Laduma Analytics Football League Winners Prediction Challenge

Can you predict the outcome of a football match based on historical data?

# 4 LB ~ 0.419

My solution consists of these four steps

1. Predict the sequences in which goals are occuring.

2. Predict the team that has scored the goal.

3. Predict the probability for home-win, draw and away-win.

4. Blend

Essentially the core observation is, that time-intervalls in which goals occur are much longer.

game = game.sort_values(by=["Start_minutes", "End_minutes"])

game["End_minutes_max_diff_current"] = game["End_minutes"].cummax() - game["End_minutes"]

In Most cases this yields a feature that can be used to predict accurately if a goal has been scored.

Using a simple thresholding-technique we can get an accuracy of ~ 99% on the train-set, where accuracy here means the number of games in which we accurately predict the number of goals.

One key-feature here is the proximity to the goal. The closer we are to a goal the more likely it seems that the score has been made on that specific goal. The below plot shows an intervall in which a goal was scored. The X-axis is the observation, Y-axis is the X-Position of the observation. The generall Trend here is that the larger the X-Value the more likely it is that this team has scored.

Allthough there are also more difficult examples:

Simple methods like using the mean or median of the X-Position and predicting the team with the higher value as the attacker only gave an accuracy of ~ 70%.

Hence I resorted to a ML-Approach. The features Team-Name and the X,Y-Position for each observation in the time-intervall were used. All of these observations were concatenated in a single row, with a maximum set to 40 observations. This gave me 40*3 columns as features. For the target I noted the team that had scored. I generated the features and the target for all of intervalls that contained a goal. I then used a catboost-classifier to predict which team had scored the goal. The classifier reached a reasonable performance of 97% accuracy.

The catboost-model gives us for each goal that has been scored the probabilities for each team. Simply using the max and predict that as the winner yielded a very poor score on the leaderboard. What worked better was performing monte-carlo-simulation. Essentially I did the following:

Given is a game a number of goals and a list of probabilities for the home-team to have scored each of the goals.

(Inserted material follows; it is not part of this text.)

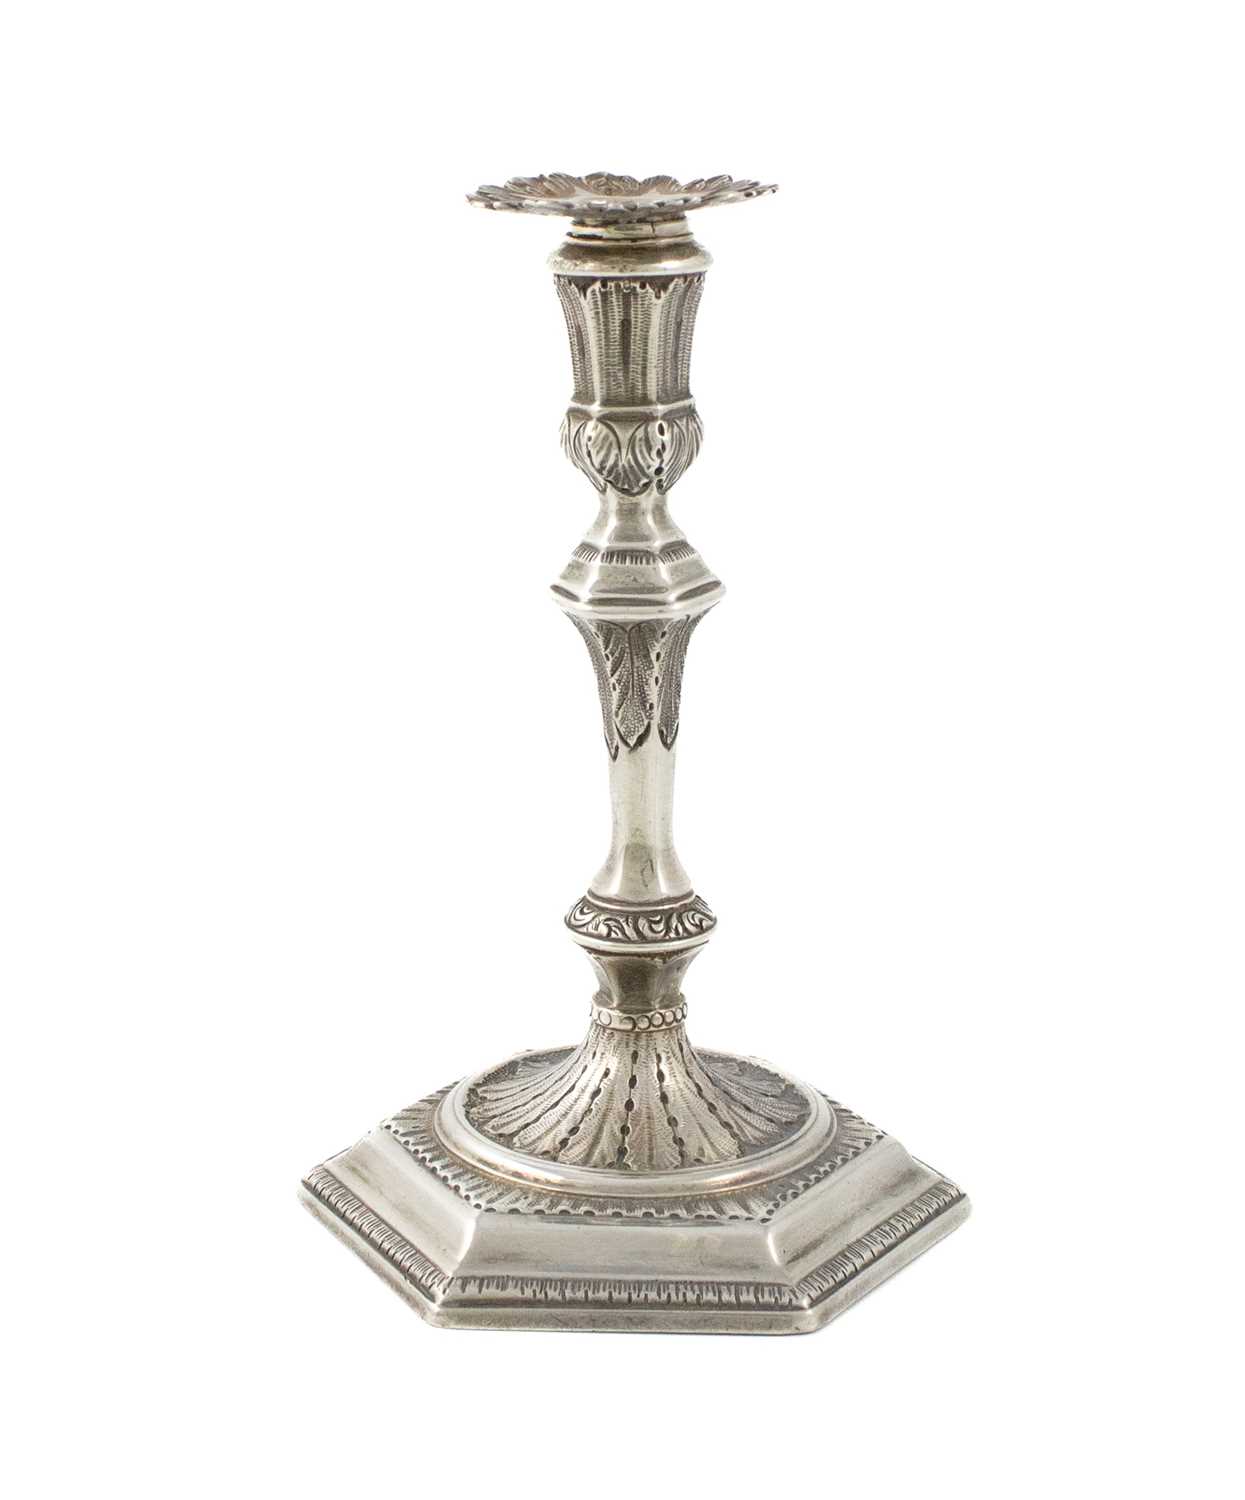 A George II silver taperstick, by James Gould, London 1731, tapering and knopped form, acanthus leaf

I can use the binomial-distribution to simulate one trial essentially simulating if a goal has been scored or not. If the outcome of one trial is positive, home-team scores otherwise away-team. I can do this process for all goals. Doing this for all goals is one trial. At the end of the trial I can determine the outcome, home-win, draw or away win for that specific trial. This process is repeated 100_000 times and the mean is taken. This is the predicted probability.

The code for the simulation:

arr_stacked has the shape (number of goals, 2) where the columns are the probabilities for each team that it has scored.

Admittedly a better approach would be to simply calculate the probabilities combinatorically instead of doing this simulation. However I ran out of time, at the end of the competition and this approach was quick to implement ;).

Credit goes to @Mkmworld as I took his Baseline Approach (publicly shared in the Discussions) for the blend.

very nice, thanks for sharing

Thank you for sharing.

I followed a similar approach, but your approach is far better than mine in some of the steps, most obvious being your step 1 where you use 2 lines to go to where I got after Feature Engineering, Keras and more to get to the same point.

To be honest I had a much more complex approach at first too. Then I wanted to add some more features and stumbled accross this feature a day before the competition was closing. So I guess it was kind of lucky of me to find this feature ;).

Would love to see your code for the Monte Carlo stimulation, Great solution

Thankyou. I have added a screenshot of the code to the coresponding section in my post.